4-5. Finding important features
# What is the important features of XGBClassifier model?
plt.plot(model_xgb.feature_importances_)
plt.bar(X.columns, model_xgb.feature_importances_)
plt.xticks(rotation=90)
plt.show()
sns.histplot(x='time', data=df, hue='DEATH_EVENT', kde=True)
Time as the most important feature?
- Time refers to follow-up period.
- Time strongly depends on the death event.
- Therefore, It could have been better to get rid of ‘time’data.
4-6. Training again without time data
X_num= df[['age', 'creatinine_phosphokinase', 'ejection_fraction', 'platelets',
'serum_creatinine', 'serum_sodium']]
X_cat = df[['anaemia', 'diabetes', 'high_blood_pressure', 'sex', 'smoking']]
y = df['DEATH_EVENT']
scaler = StandardScaler()
scaler.fit(X_num)
X_scaled = scaler.transform(X_num)
X_scaled = pd.DataFrame(data=X_scaled, index=X_num.index, columns=X_num.columns)
X = pd.concat([X_scaled, X_cat], axis=1)
X.head()
| age | creatinine_phosphokinase | ejection_fraction | platelets | serum_creatinine | serum_sodium | anaemia | diabetes | high_blood_pressure | sex | smoking | |
|---|---|---|---|---|---|---|---|---|---|---|---|
| 0 | 1.192945 | 0.000166 | -1.530560 | 1.681648e-02 | 0.490057 | -1.504036 | 0 | 0 | 1 | 1 | 0 |
| 1 | -0.491279 | 7.514640 | -0.007077 | 7.535660e-09 | -0.284552 | -0.141976 | 0 | 0 | 0 | 1 | 0 |
| 2 | 0.350833 | -0.449939 | -1.530560 | -1.038073e+00 | -0.090900 | -1.731046 | 0 | 0 | 0 | 1 | 1 |
| 3 | -0.912335 | -0.486071 | -1.530560 | -5.464741e-01 | 0.490057 | 0.085034 | 1 | 0 | 0 | 1 | 0 |
| 4 | 0.350833 | -0.435486 | -1.530560 | 6.517986e-01 | 1.264666 | -4.682176 | 1 | 1 | 0 | 0 | 0 |
X_train, X_test, y_train, y_test = train_test_split(X, y, test_size=0.3, random_state=1)

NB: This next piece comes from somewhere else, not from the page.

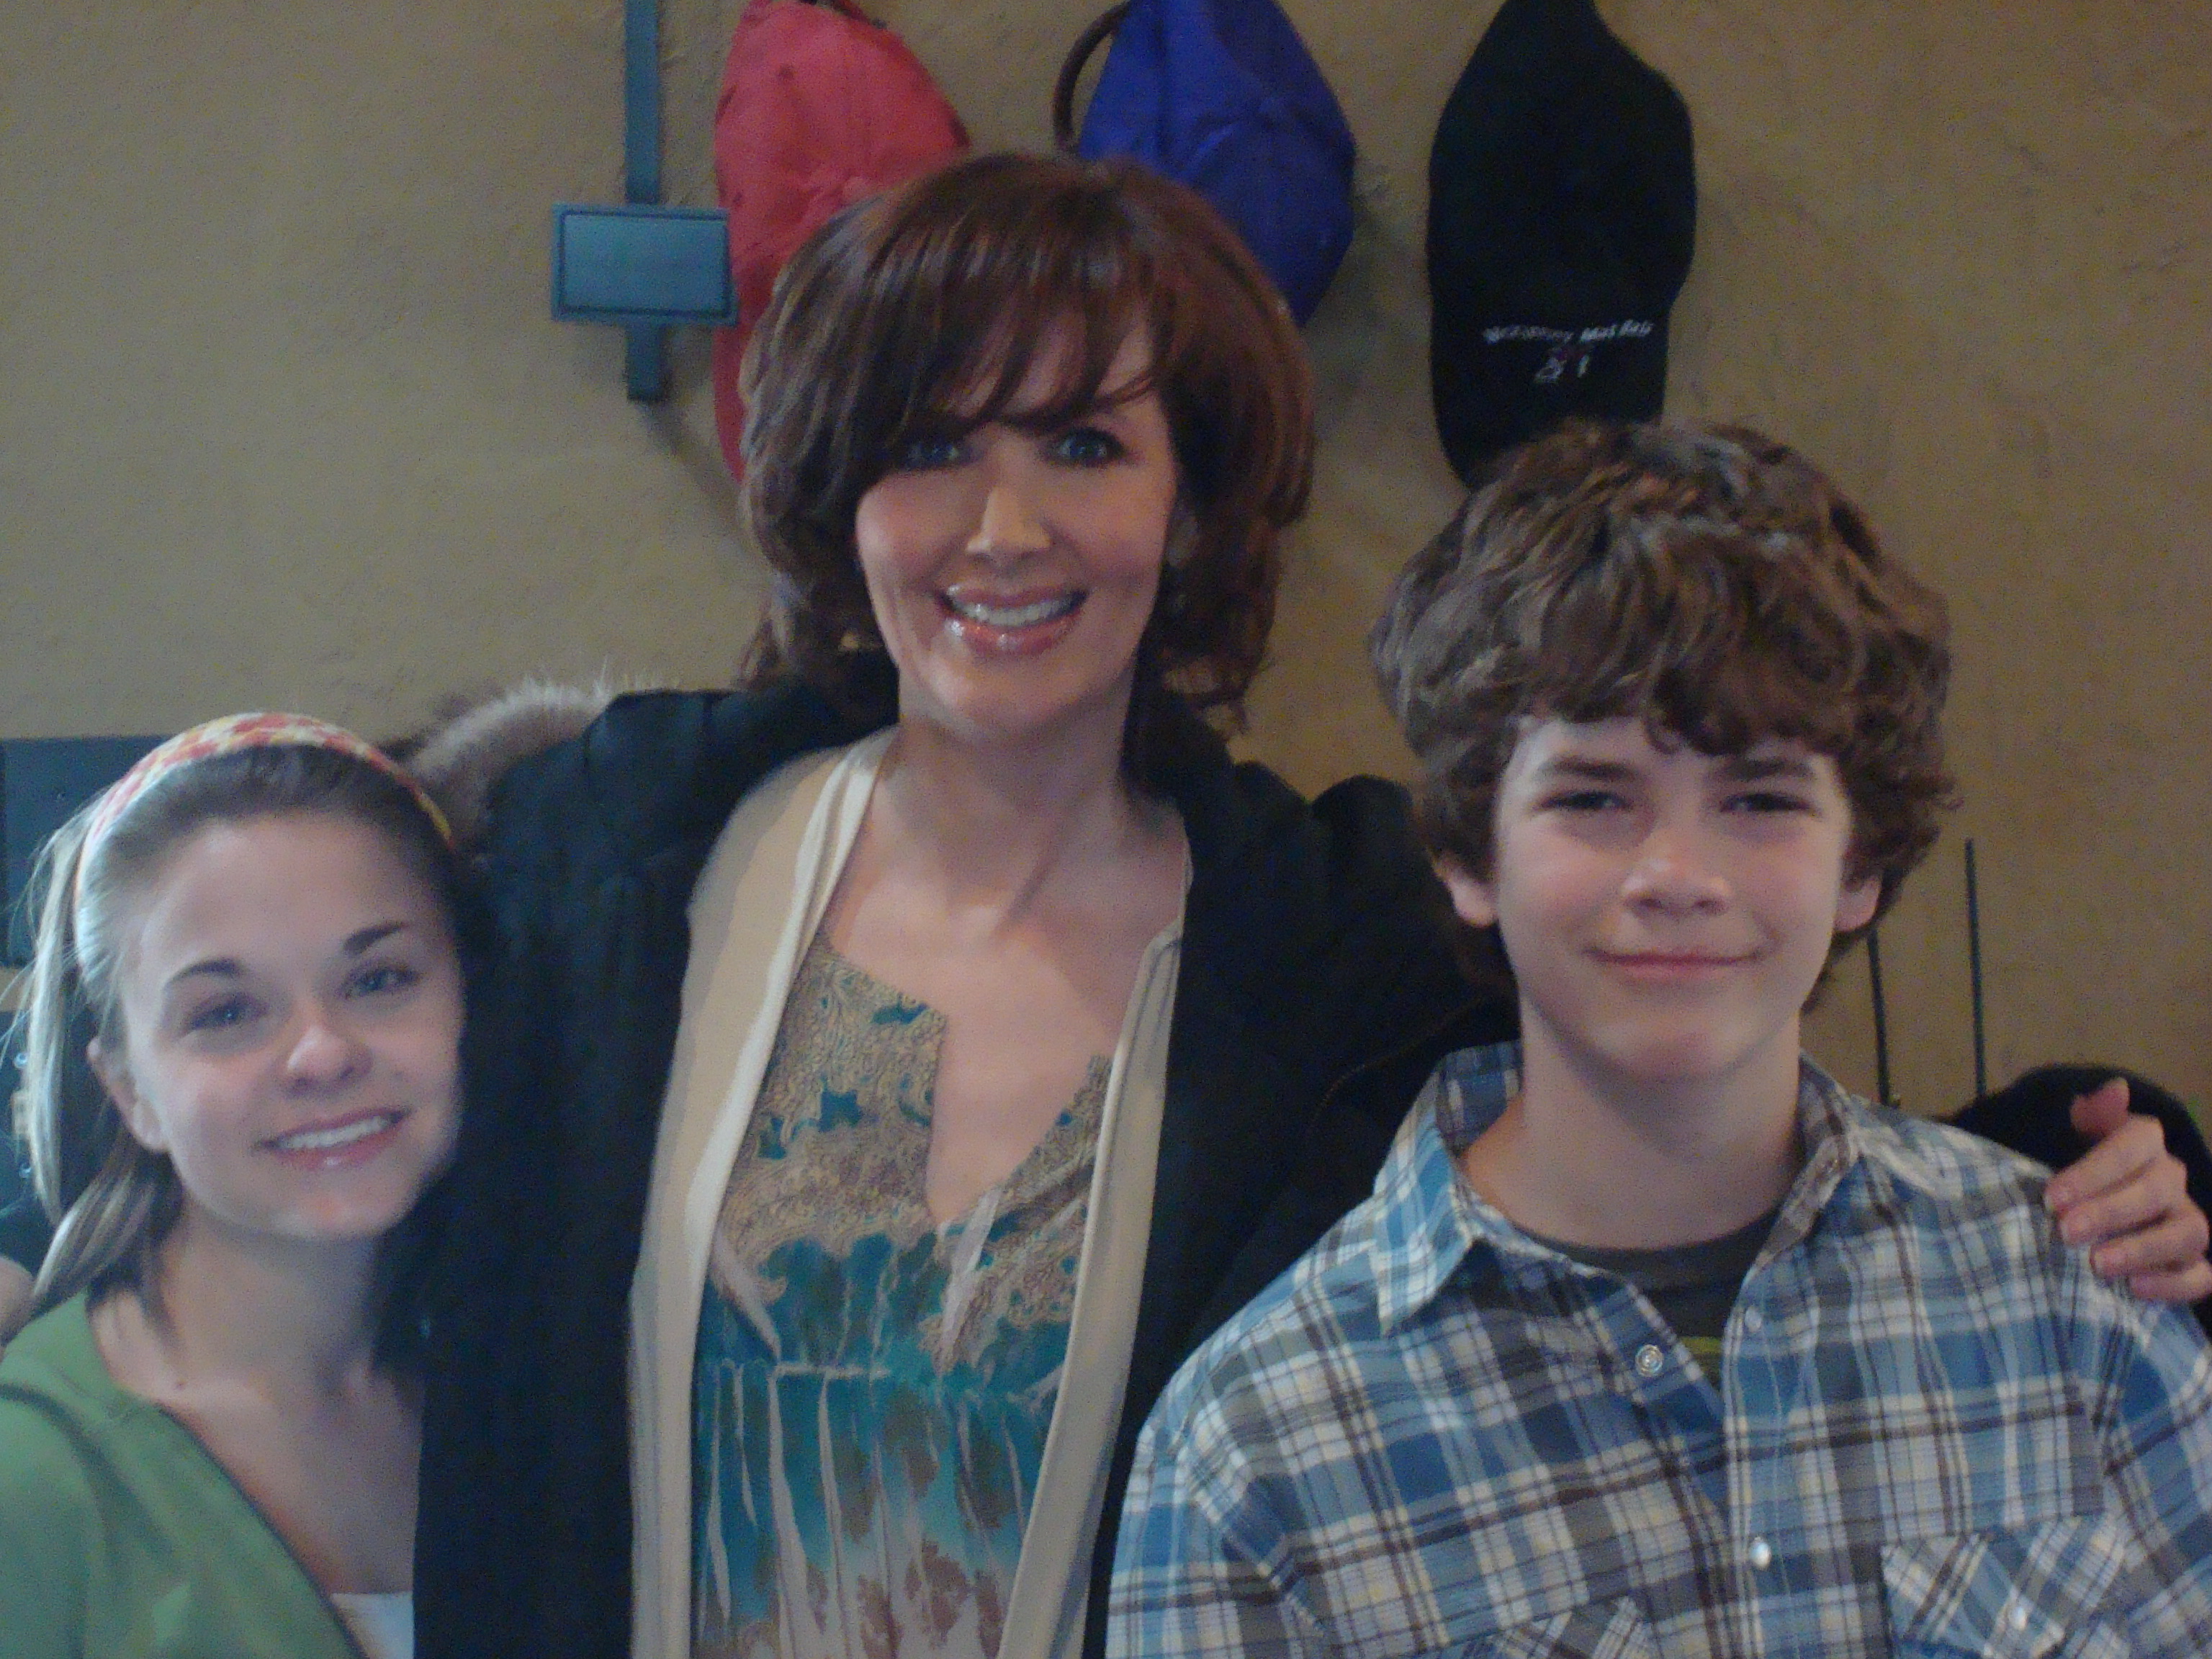 Grant with Janine Turner on set of Maggie's passage.

model_lr = LogisticRegression(max_iter=1000)
model_lr.fit(X_train, y_train)
LogisticRegression(max_iter=1000)
pred = model_lr.predict(X_test)
print(classification_report(y_test, pred))

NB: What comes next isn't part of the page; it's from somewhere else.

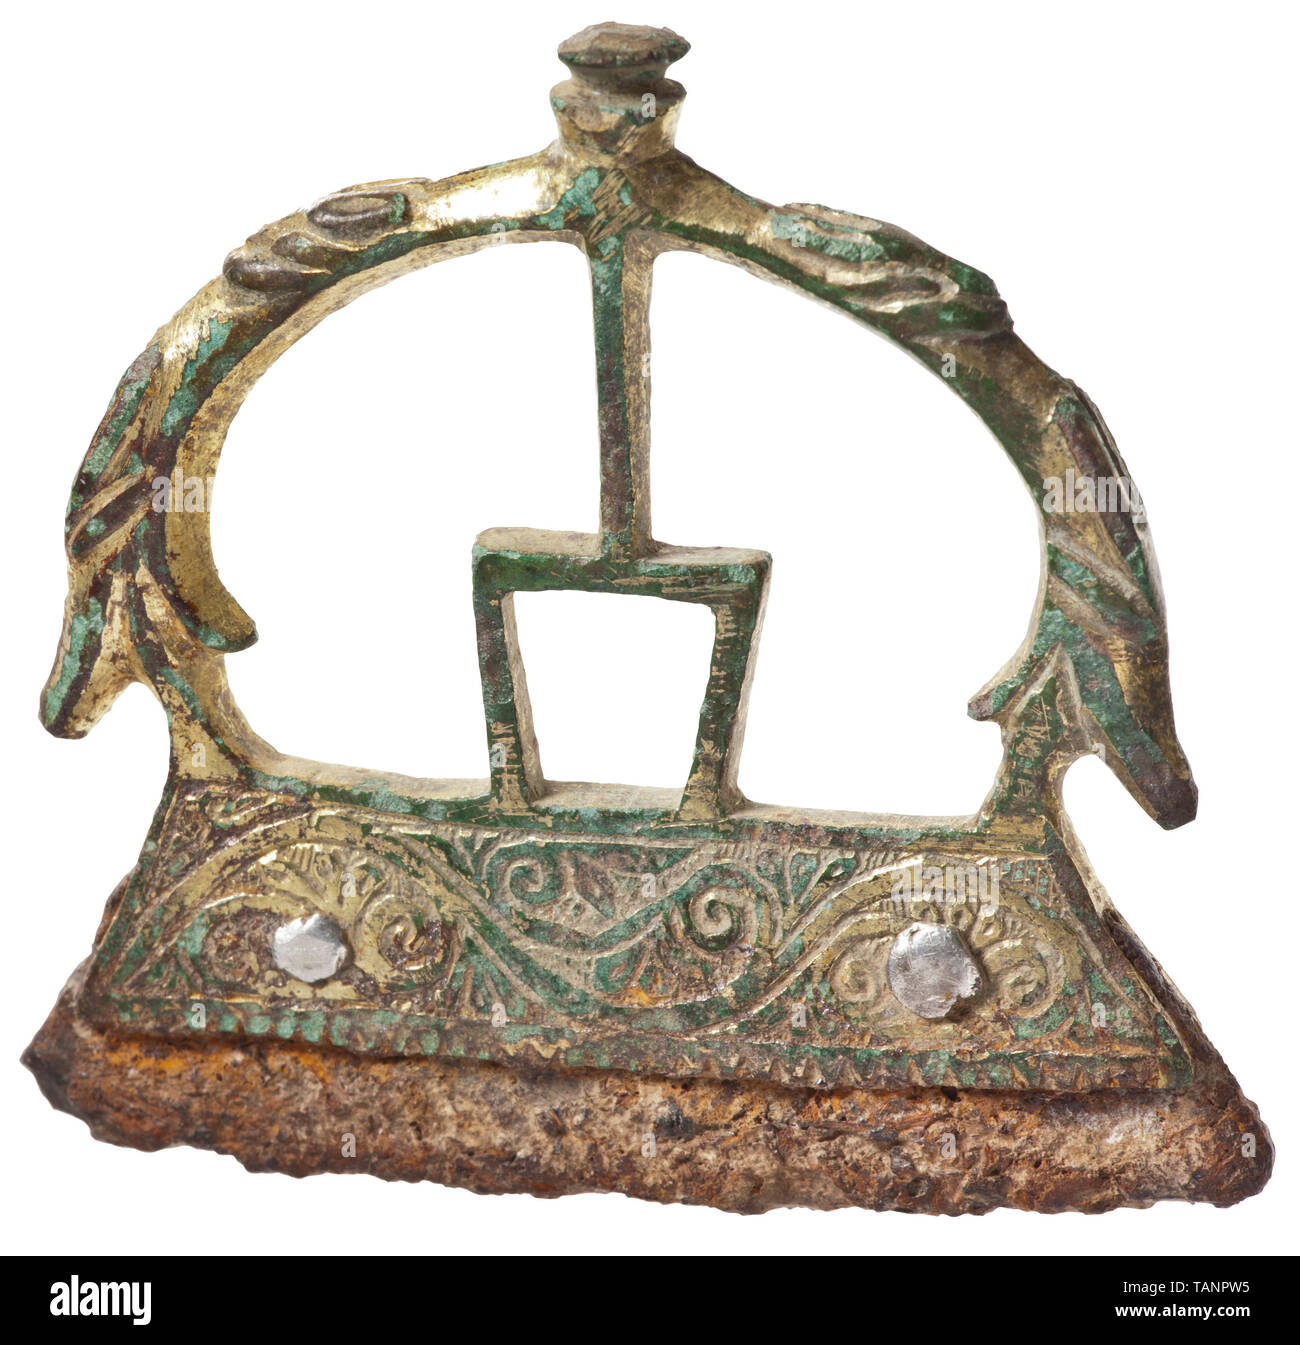 A richly decorated, Slavic-Byzantine fire striker, 9th - 10th century, Openwork bronze grip with gilt surface, stylised human figure at centre and two stylised animal heads at the sides. At bottom a trapezoid fire striker with bronze border and fine scrolling leaves in low relief. The fire striker fixed with two silver rivets located underneath the wave ornament. A work of extraordinary high quality from South Eastern Europe, made in the High Middle Ages. Apart from minimal chippings at the lower edge of the fire striker in excellent condition. T, Additional-Rights-Clearance-Info-Not-Available Stock Photo

precision recall f1-score support
0 0.78 0.92 0.84 64
1 0.64 0.35 0.45 26
accuracy 0.76 90
macro avg 0.71 0.63 0.65 90
weighted avg 0.74 0.76 0.73 90
model_xgb = XGBClassifier()
model_xgb.fit(X_train, y_train)
XGBClassifier(base_score=0.5, booster='gbtree', colsample_bylevel=1,
colsample_bynode=1, colsample_bytree=1, gamma=0, gpu_id=-1,
importance_type='gain', interaction_constraints='',
learning_rate=0.300000012, max_delta_step=0, max_depth=6,
min_child_weight=1, missing=nan, monotone_constraints='()',
n_estimators=100, n_jobs=8, num_parallel_tree=1, random_state=0,
reg_alpha=0, reg_lambda=1, scale_pos_weight=1, subsample=1,
tree_method='exact', validate_parameters=1, verbosity=None)
pred = model_xgb.predict(X_test)
print(classification_report(y_test, pred))
precision recall f1-score support
0 0.81 0.88 0.84 64
1 0.62 0.50 0.55 26
accuracy 0.77 90
macro avg 0.72 0.69 0.70 90
weighted avg 0.76 0.77 0.76 90
plt.bar(X.columns, model_xgb.feature_importances_)
plt.xticks(rotation=90)
plt.show()
4-7. What is the relationship between the two most important features?
- Serum_creatinine as the most important feature.
- Ejection_fraction as the second important feature.
sns.jointplot(x='ejection_fraction', y='serum_creatinine',hue='DEATH_EVENT',data=df)
Step 5. In-depth analysis on the learning results
5-1. Idetifying Precision-Recall curve
from sklearn.metrics import plot_precision_recall_curve
plot_precision_recall_curve(model_lr, X_test, y_test)
plot_precision_recall_curve(model_xgb, X_test, y_test)
fig = plt.figure()
ax = fig.gca()
plot_precision_recall_curve(model_lr, X_test, y_test,ax=ax)
plot_precision_recall_curve(model_xgb, X_test, y_test,ax=ax)
P*R curve implies XGBClassifier yielded better performance on the data
- The closer to 1, the better performance.
5-2. Identifying ROC curve
from sklearn.metrics import plot_roc_curve
fig = plt.figure()
ax = fig.gca()
plot_roc_curve(model_lr, X_test, y_test,ax=ax)
plot_roc_curve(model_xgb, X_test, y_test,ax=ax)
plt.show()
ROC curve implies LogisticRegression yielded better performance on the data
- The faster reaching 1 while keeping low FPS, the better performance.
- The higher Area Under Cover(AUC), the better performance.
- In result, it is difficult to say which model is better than the other.